• _PROBLEM REQUIREMENTS_
Exclude images, then output the remaining data verbatim.

• _EXERCISE DATA_
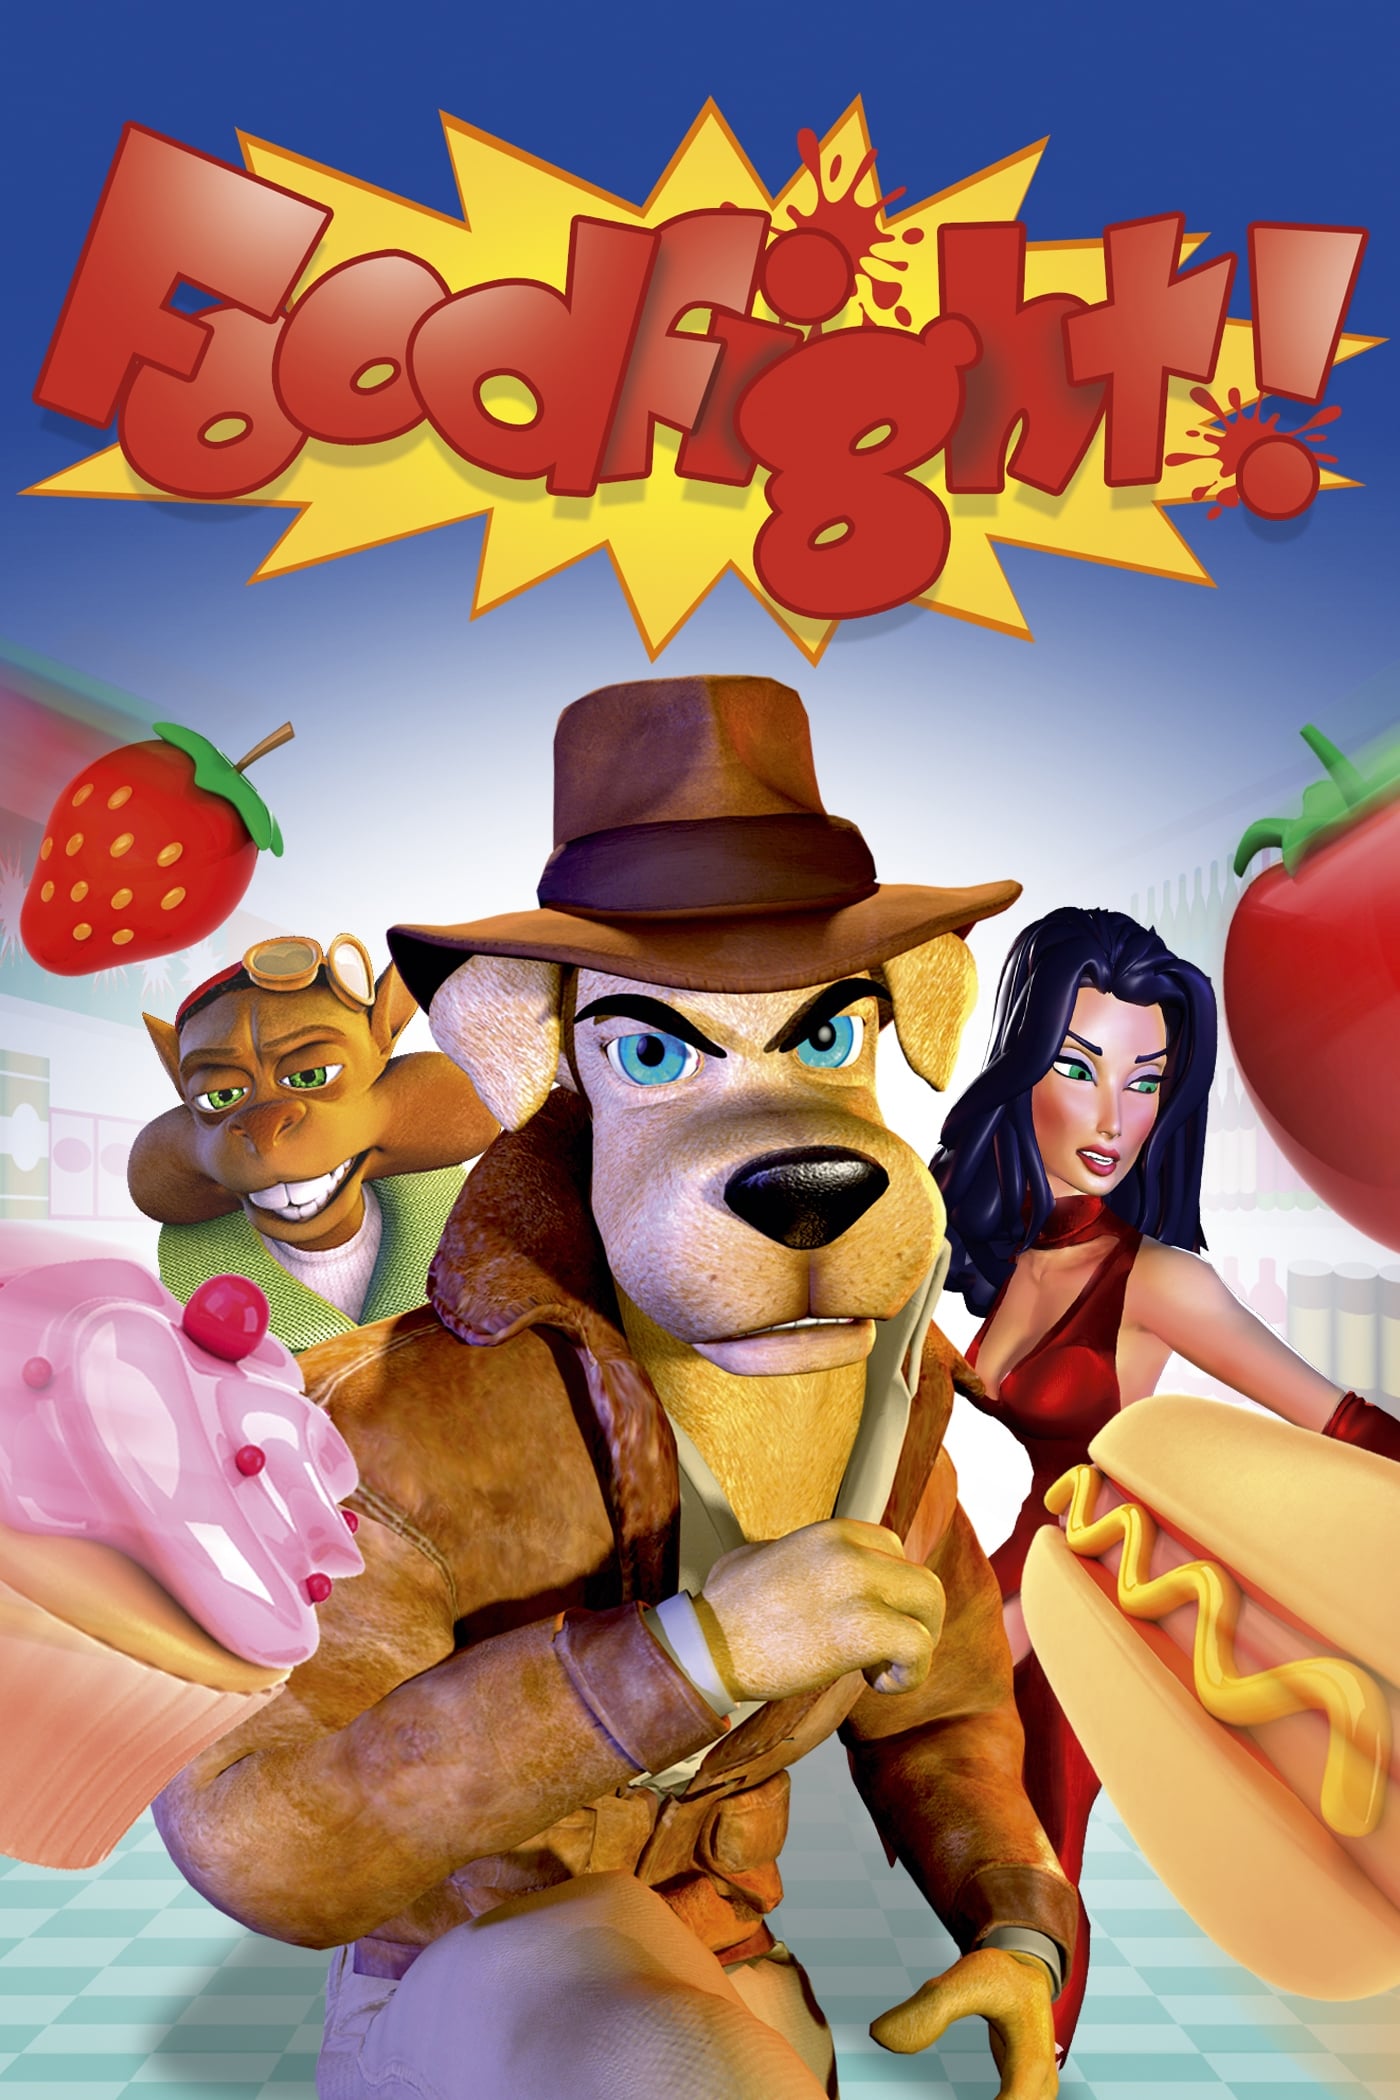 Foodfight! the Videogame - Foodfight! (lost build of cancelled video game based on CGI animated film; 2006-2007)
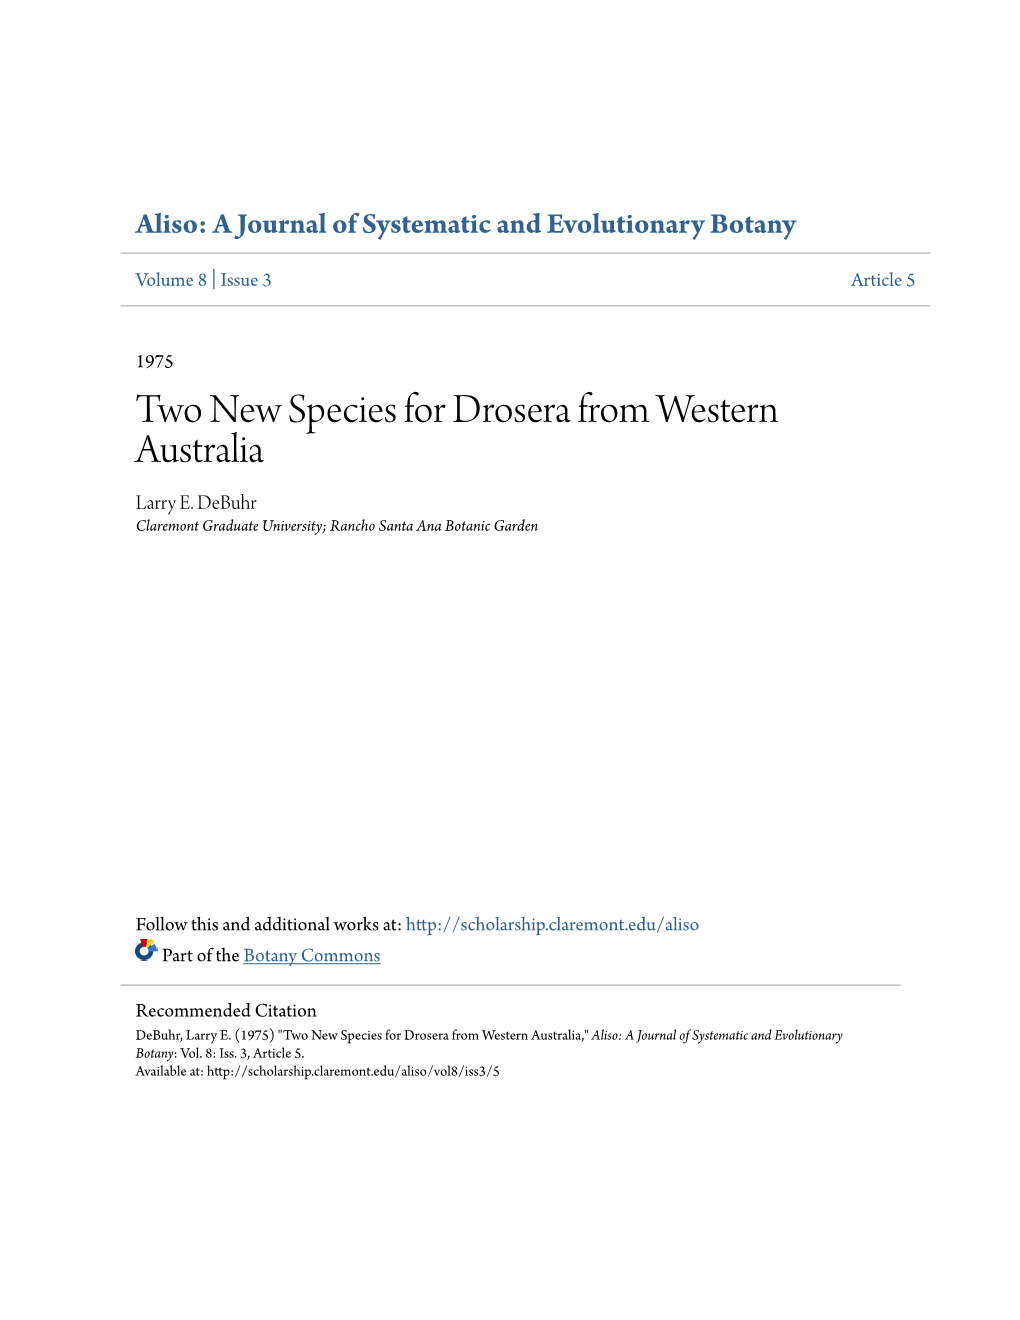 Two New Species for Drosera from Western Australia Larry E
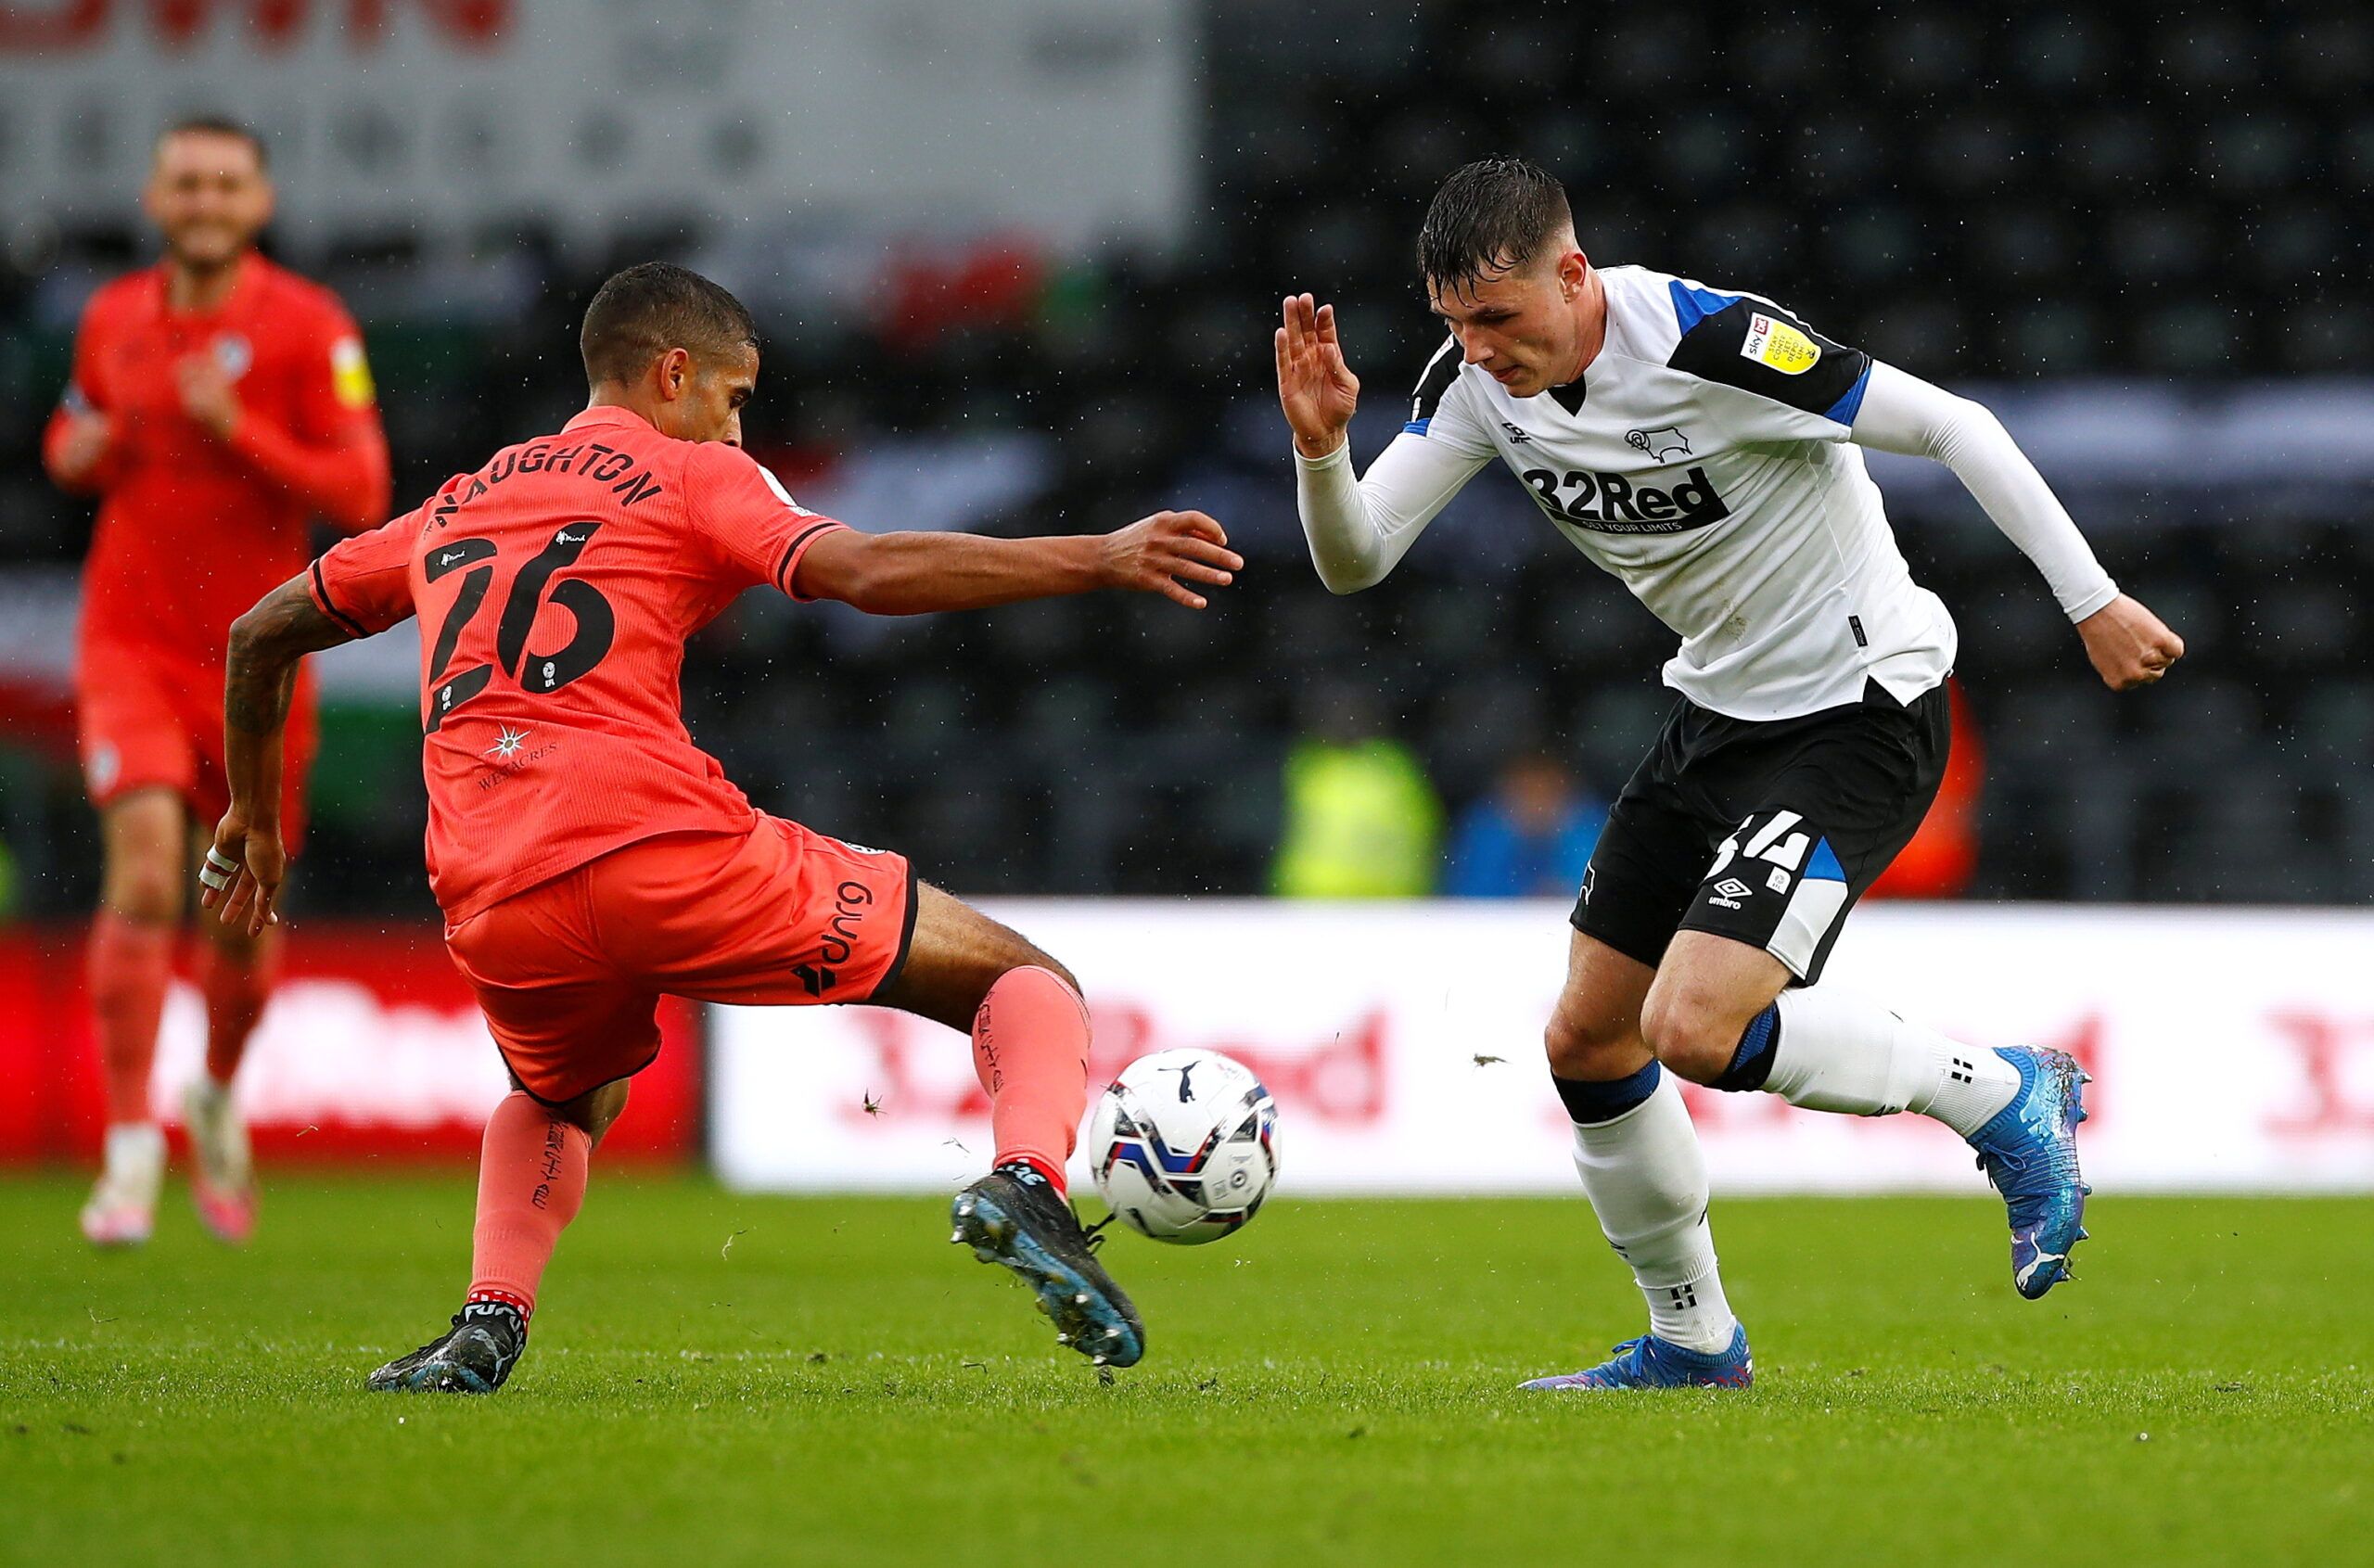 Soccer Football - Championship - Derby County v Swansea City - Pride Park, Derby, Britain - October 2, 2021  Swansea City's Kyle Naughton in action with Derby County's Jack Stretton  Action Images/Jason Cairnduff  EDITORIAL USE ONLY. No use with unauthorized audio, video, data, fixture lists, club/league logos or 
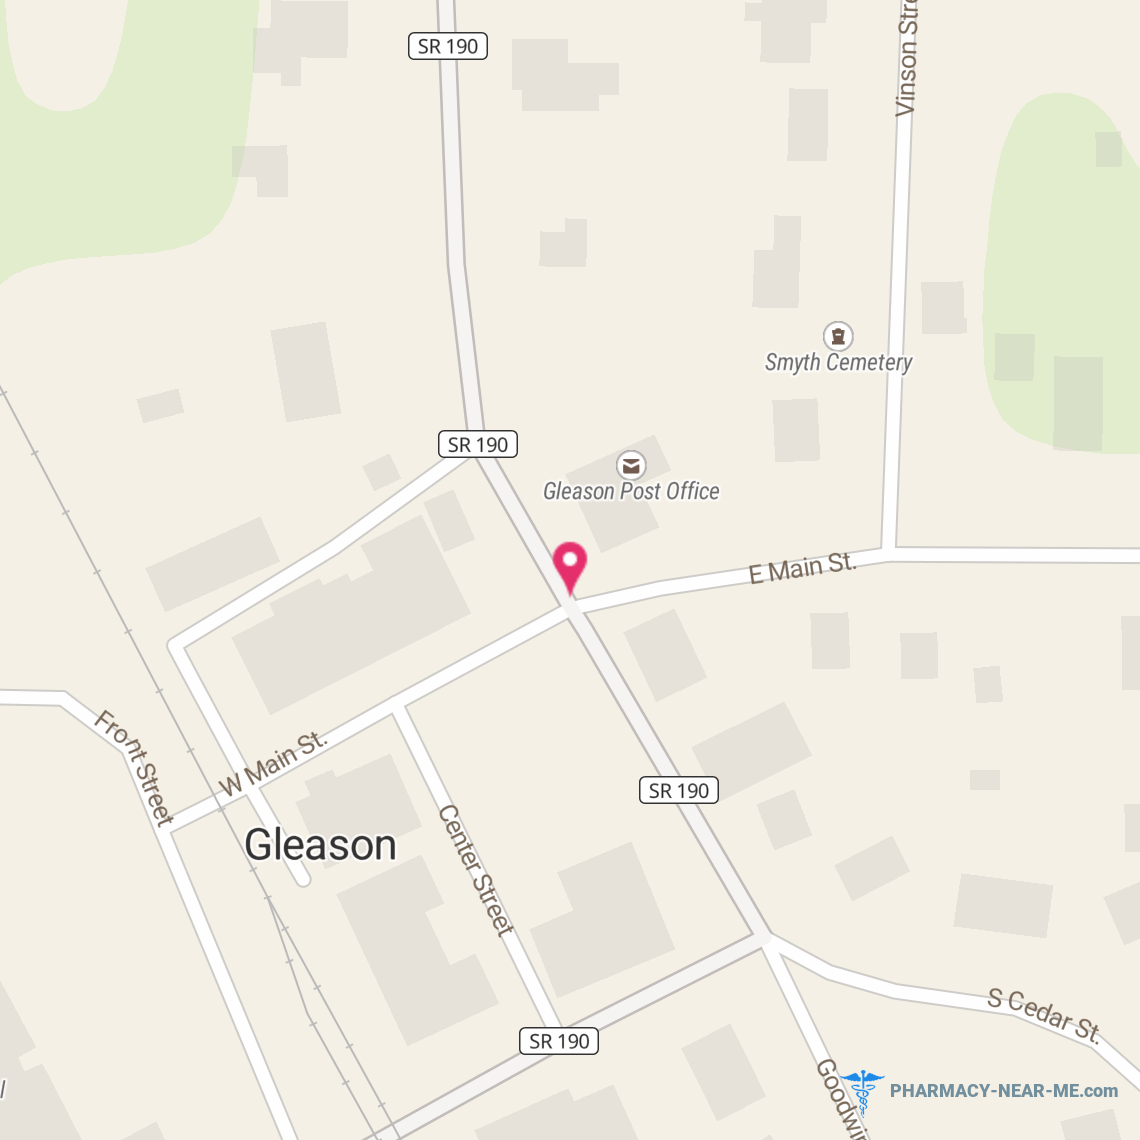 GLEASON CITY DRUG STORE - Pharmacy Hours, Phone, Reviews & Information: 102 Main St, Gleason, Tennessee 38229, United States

• _RESULT_
 Foodfight! the Videogame - Foodfight! (lost build of cancelled video game based on CGI animated film; 2006-2007)
 Two New Species for Drosera from Western Australia Larry E
 Soccer Football - Championship - Derby County v Swansea City - Pride Park, Derby, Britain - October 2, 2021  Swansea City's Kyle Naughton in action with Derby County's Jack Stretton  Action Images/Jason Cairnduff  EDITORIAL USE ONLY. No use with unauthorized audio, video, data, fixture lists, club/league logos or 
 GLEASON CITY DRUG STORE - Pharmacy Hours, Phone, Reviews & Information: 102 Main St, Gleason, Tennessee 38229, United States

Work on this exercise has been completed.